─── DATA SECTION ───
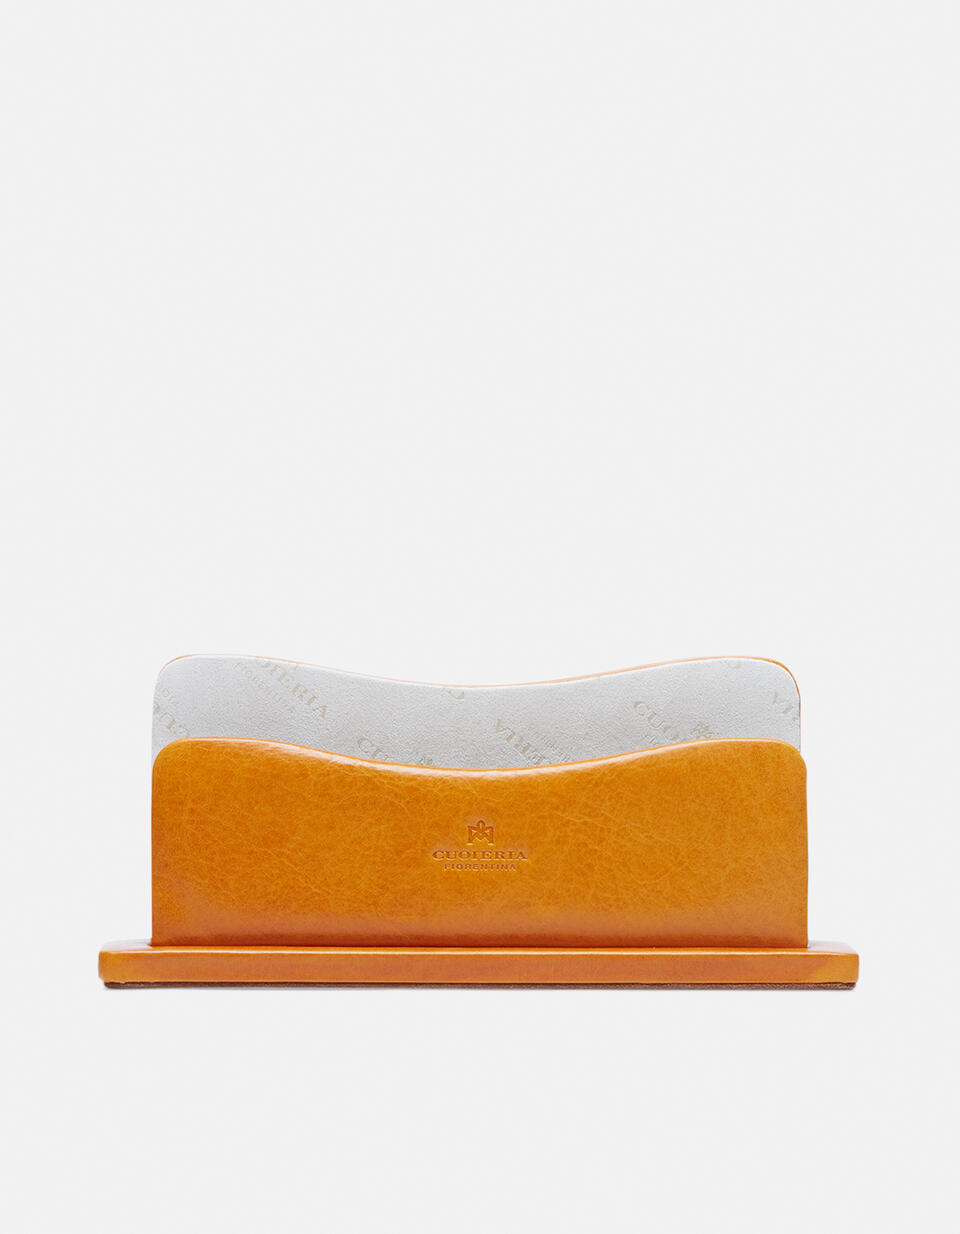 Vegetable tanned leather letter holder - Office | Accessories GIALLO - Office | AccessoriesCuoieria Fiorentina
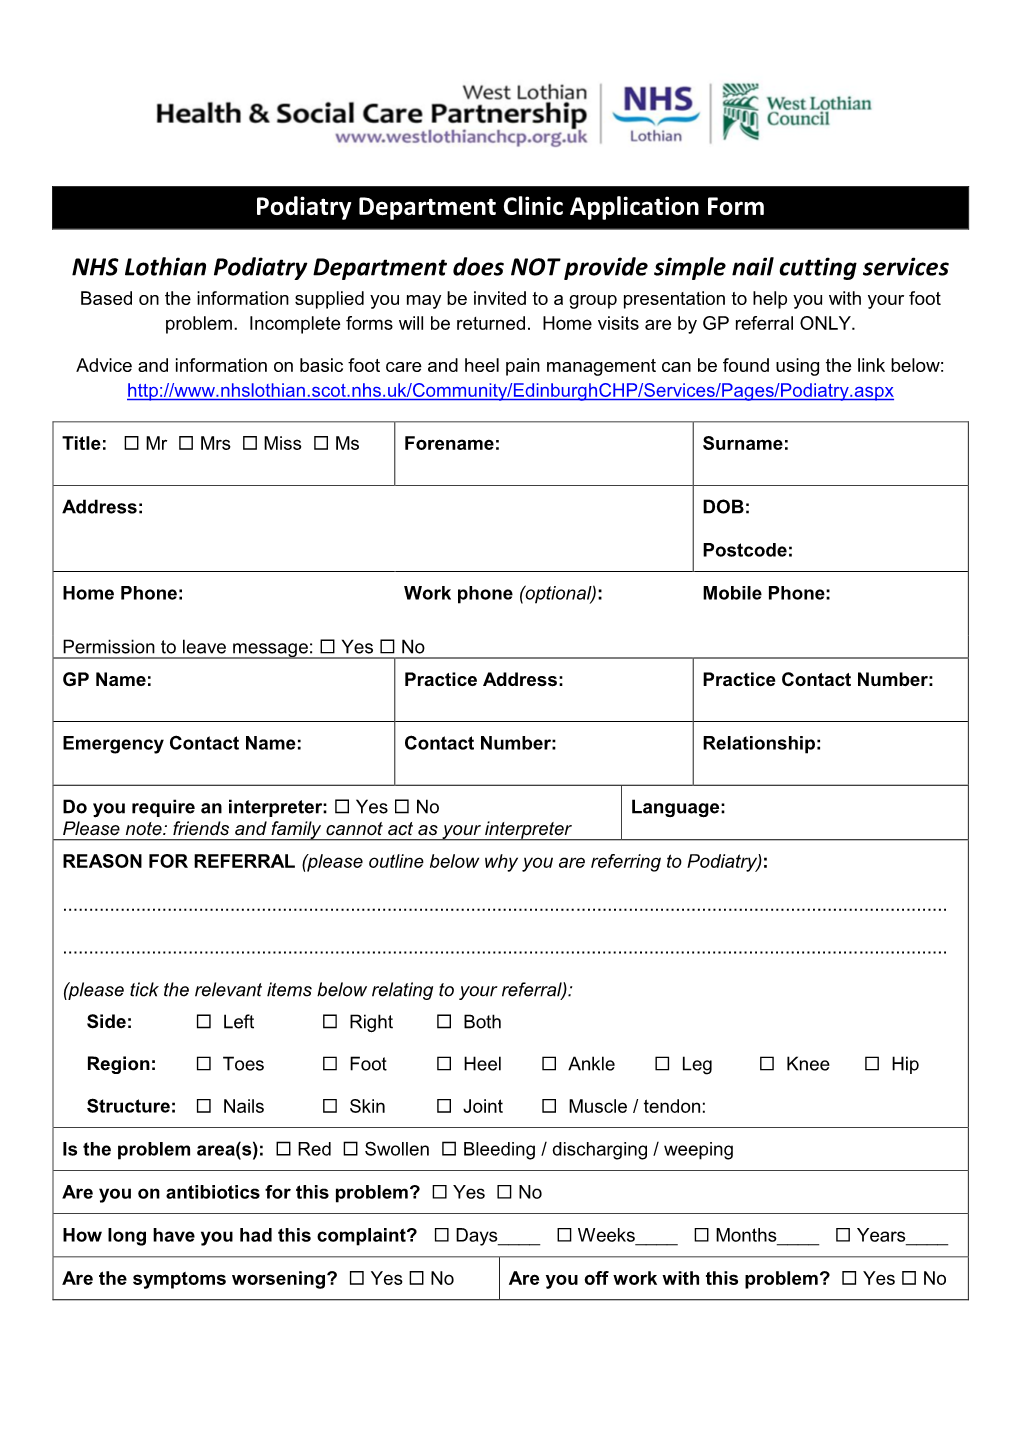 Podiatry Department Clinic Application Form NHS Lothian
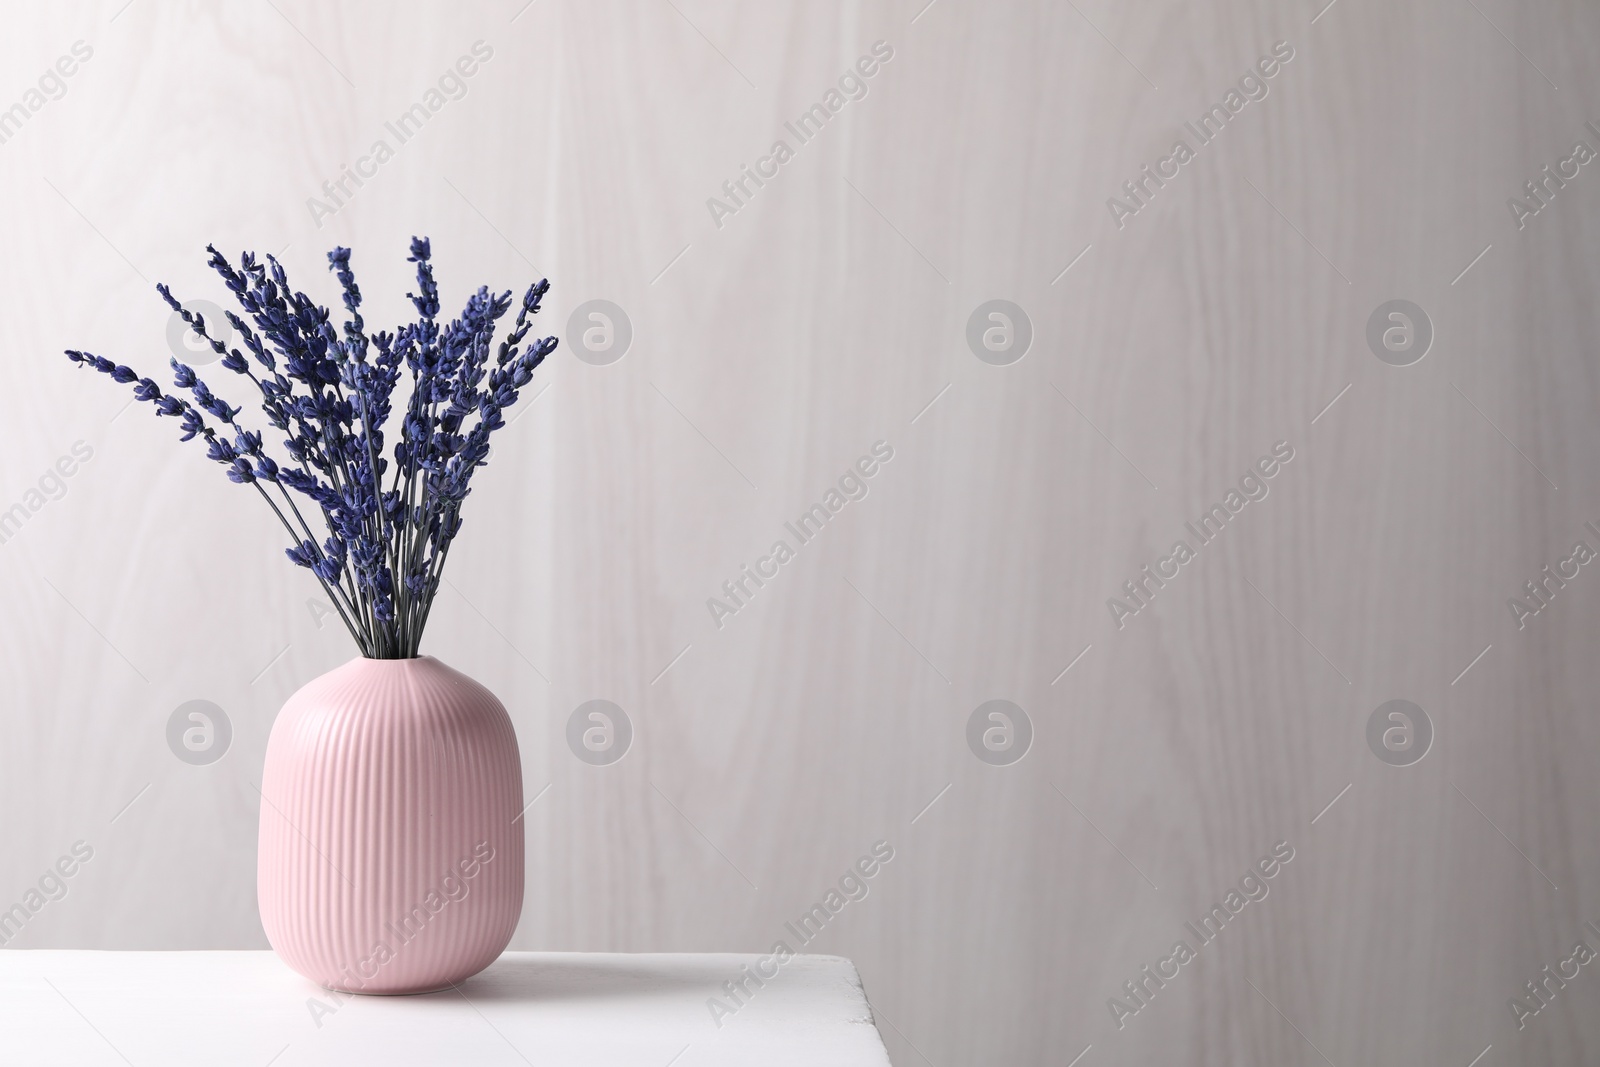 Photo of Bouquet of beautiful preserved lavender flowers on white table near grey wooden wall, space for text
───
Copy the listing above in full and exactly, but omit each picture that it holds.

WRITTEN ANSWER>
 Vegetable tanned leather letter holder - Office | Accessories GIALLO - Office | AccessoriesCuoieria Fiorentina
 Podiatry Department Clinic Application Form NHS Lothian
 Photo of Bouquet of beautiful preserved lavender flowers on white table near grey wooden wall, space for text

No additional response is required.